The Partnership accrues unbilled revenue due to timing differences between the delivery of natural gas, NGLs, and condensate and the receipt of a delivery statement. This revenue is recorded based upon volumetric data from the Partnership’s records and management estimates of the related gathering and compression fees which are, in turn, based upon applicable product prices. The Partnership had unbilled revenues at June 30, 2011 and December 31, 2010 of $67.2 million and $57.8 million, respectively, which are included in accounts receivable within its consolidated balance sheets.

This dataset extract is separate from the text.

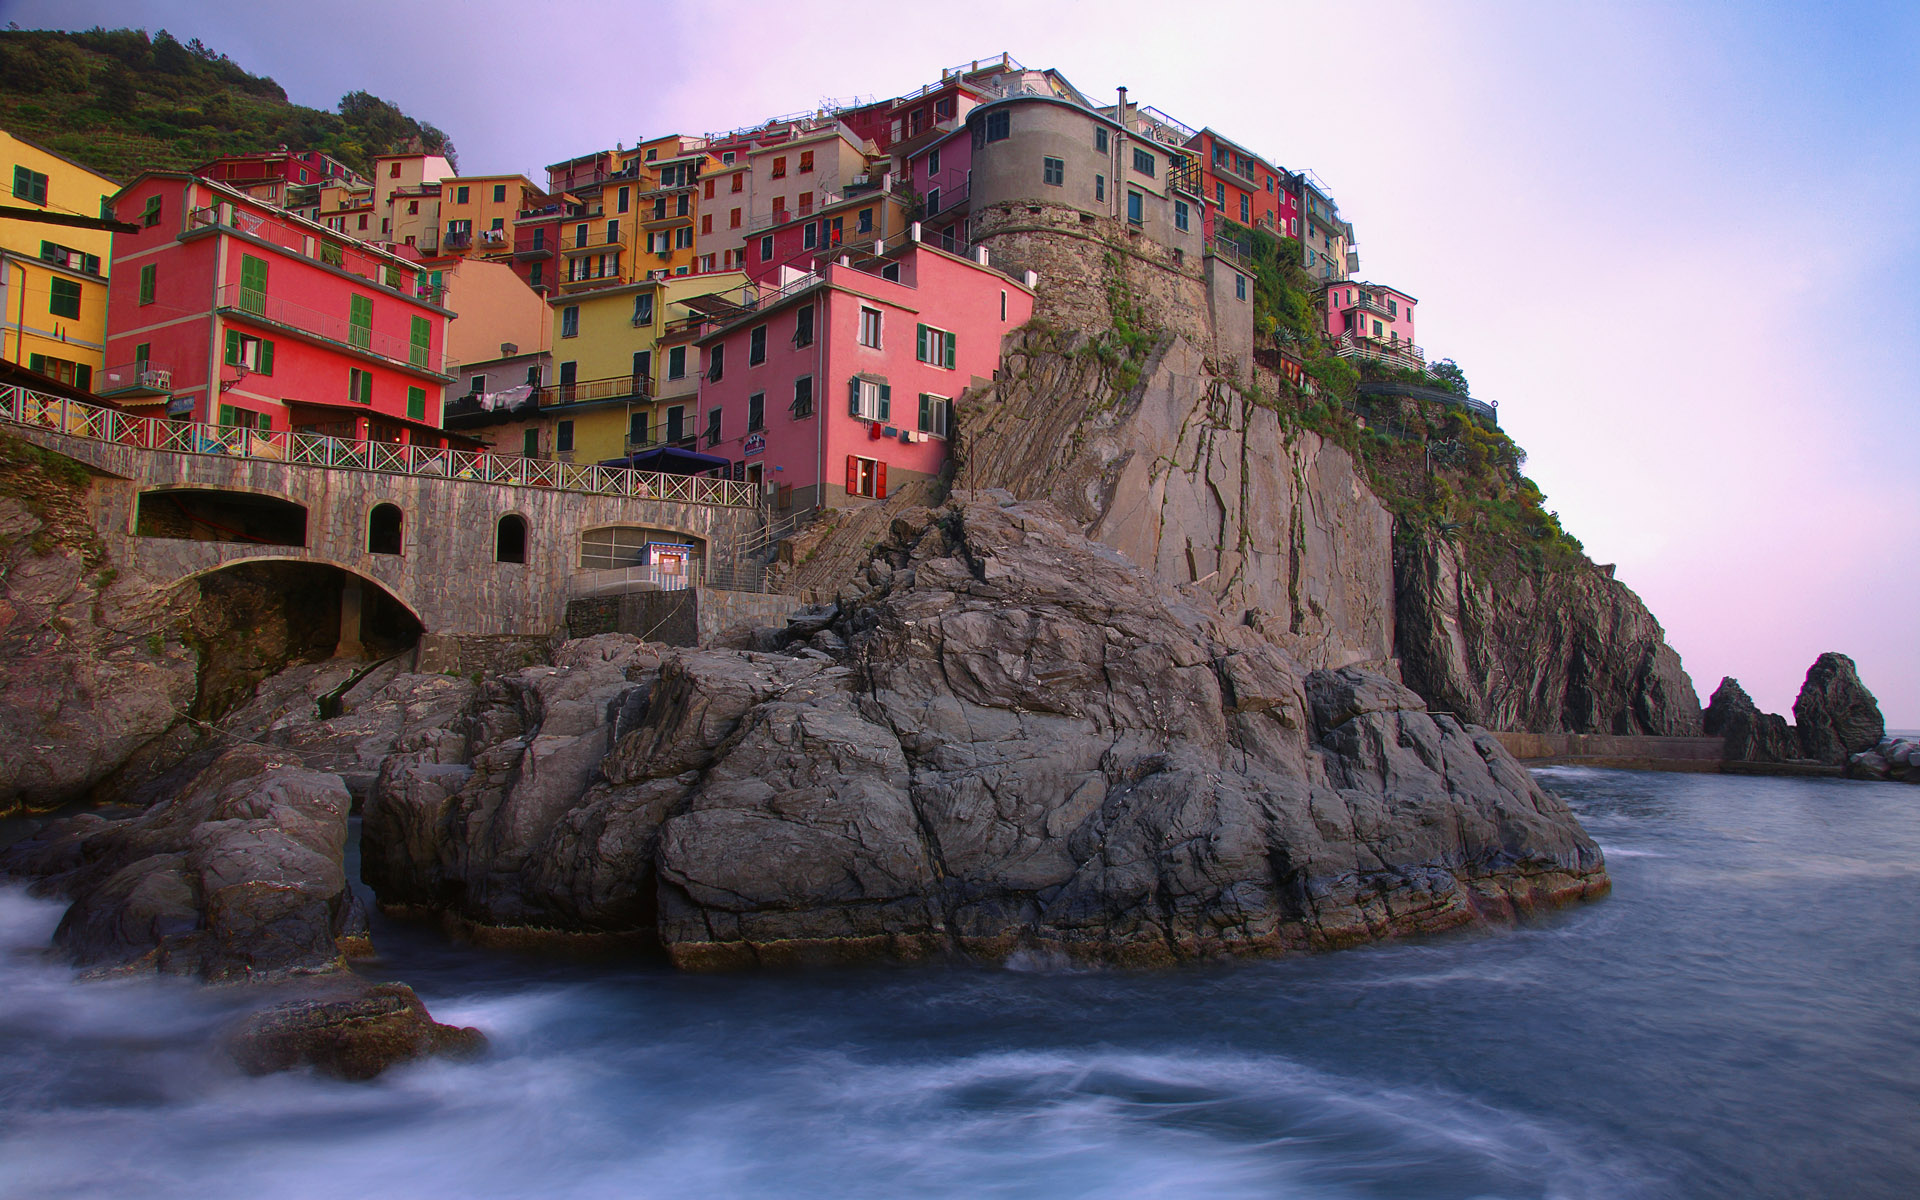 Italy Desktop Wallpapers FREE on Latorocom 1920x1200

Recently Issued Accounting Standards

In May 2011, the FASB issued Accounting Standards Update (“ASU”) 2011-04, “Amendments to Achieve Common Fair Value Measurement and Disclosure Requirements in U.S. GAAP and IFRSs,” which, among other changes, requires (1) additional disclosures for fair value measurements categorized within Level 2 and Level 3 of the fair value hierarchy; and (2) additional disclosures for items that are not measured at fair value in the Partnership’s consolidated balance sheets but for which the fair value is required to be disclosed. These requirements are effective for interim and annual reporting periods beginning after December 15, 2011. Early adoption is prohibited. The Partnership will apply these requirements upon the adoption of this ASU on December 31, 2011. The Partnership does not expect the adoption to have a material impact on its financial position and results of operations.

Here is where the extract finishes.